What is required:
Before you return the lines below, strip out any images and keep every word as written.

Given information:
%%

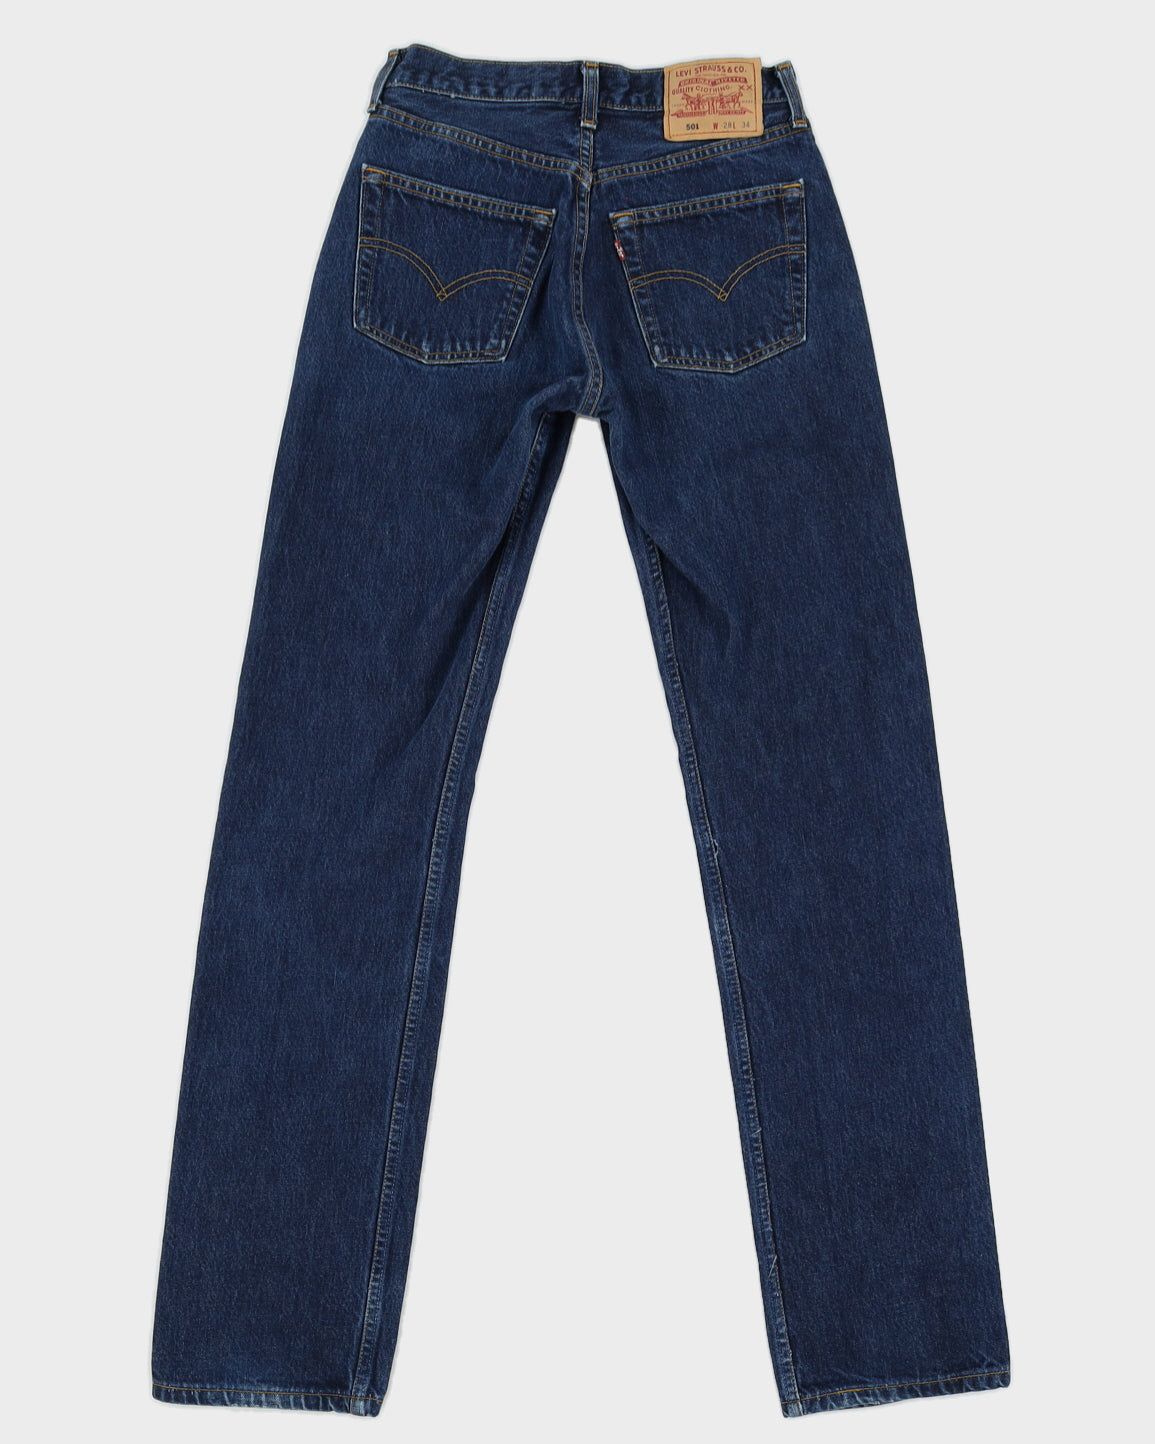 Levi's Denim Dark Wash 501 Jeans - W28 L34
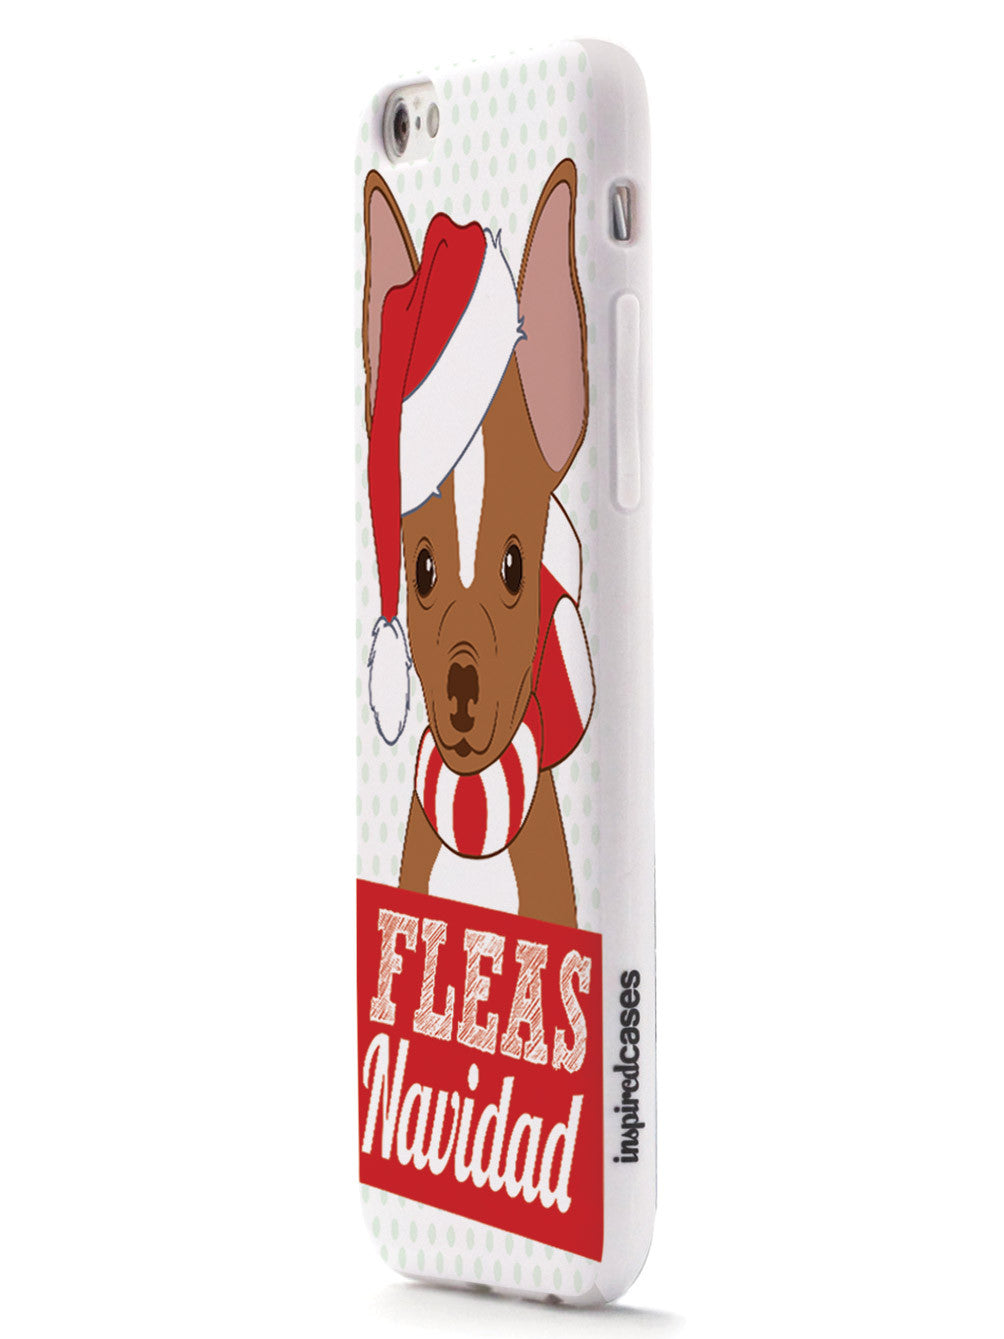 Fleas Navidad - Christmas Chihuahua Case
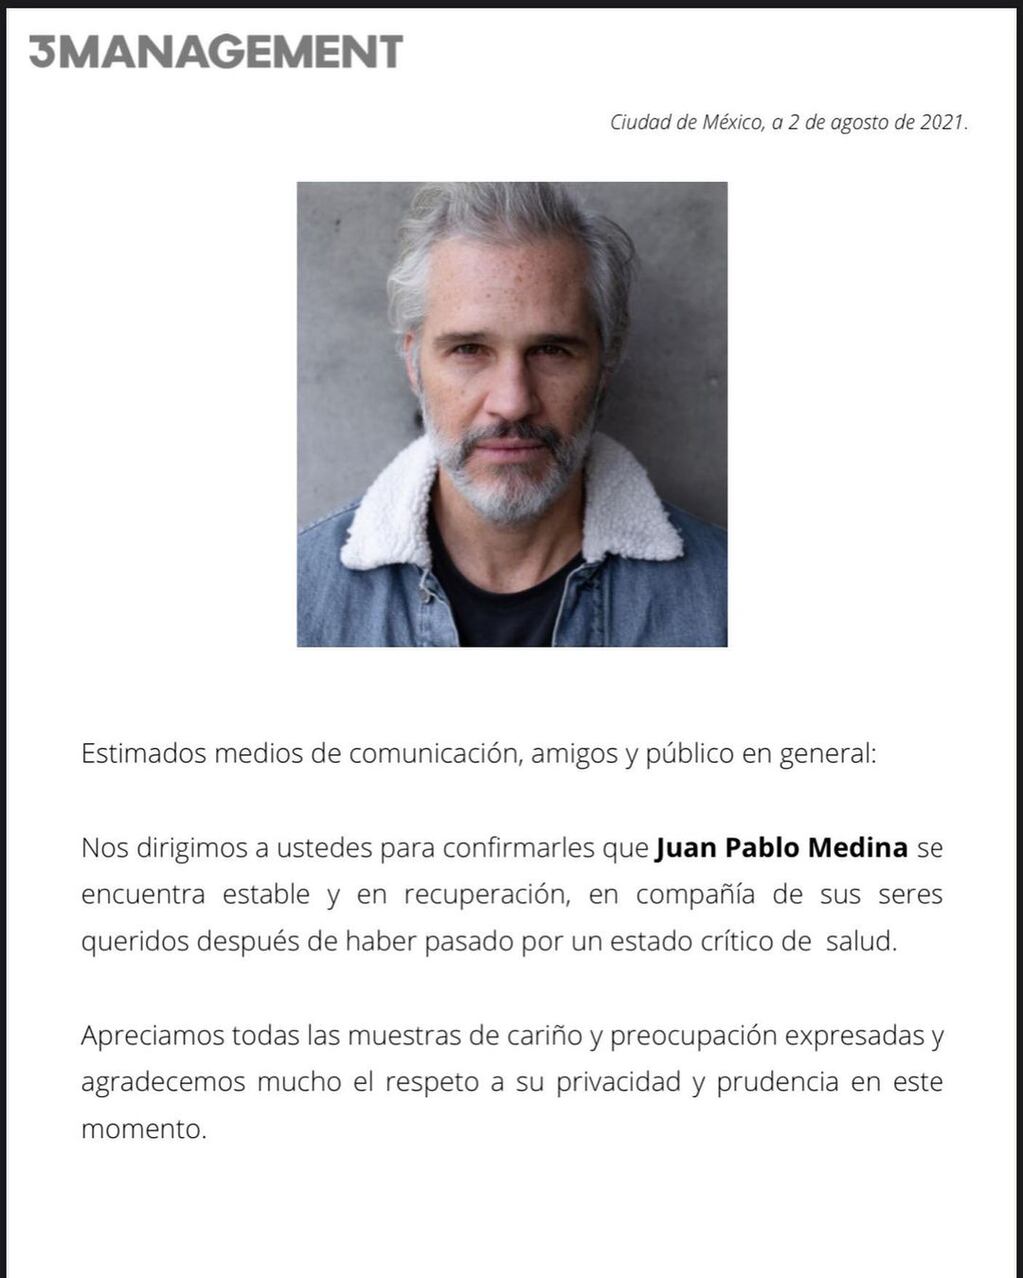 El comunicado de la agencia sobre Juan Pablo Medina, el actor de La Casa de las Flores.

%%

Answer box:
 Levi's Denim Dark Wash 501 Jeans - W28 L34
 Fleas Navidad - Christmas Chihuahua Case
 El comunicado de la agencia sobre Juan Pablo Medina, el actor de La Casa de las Flores.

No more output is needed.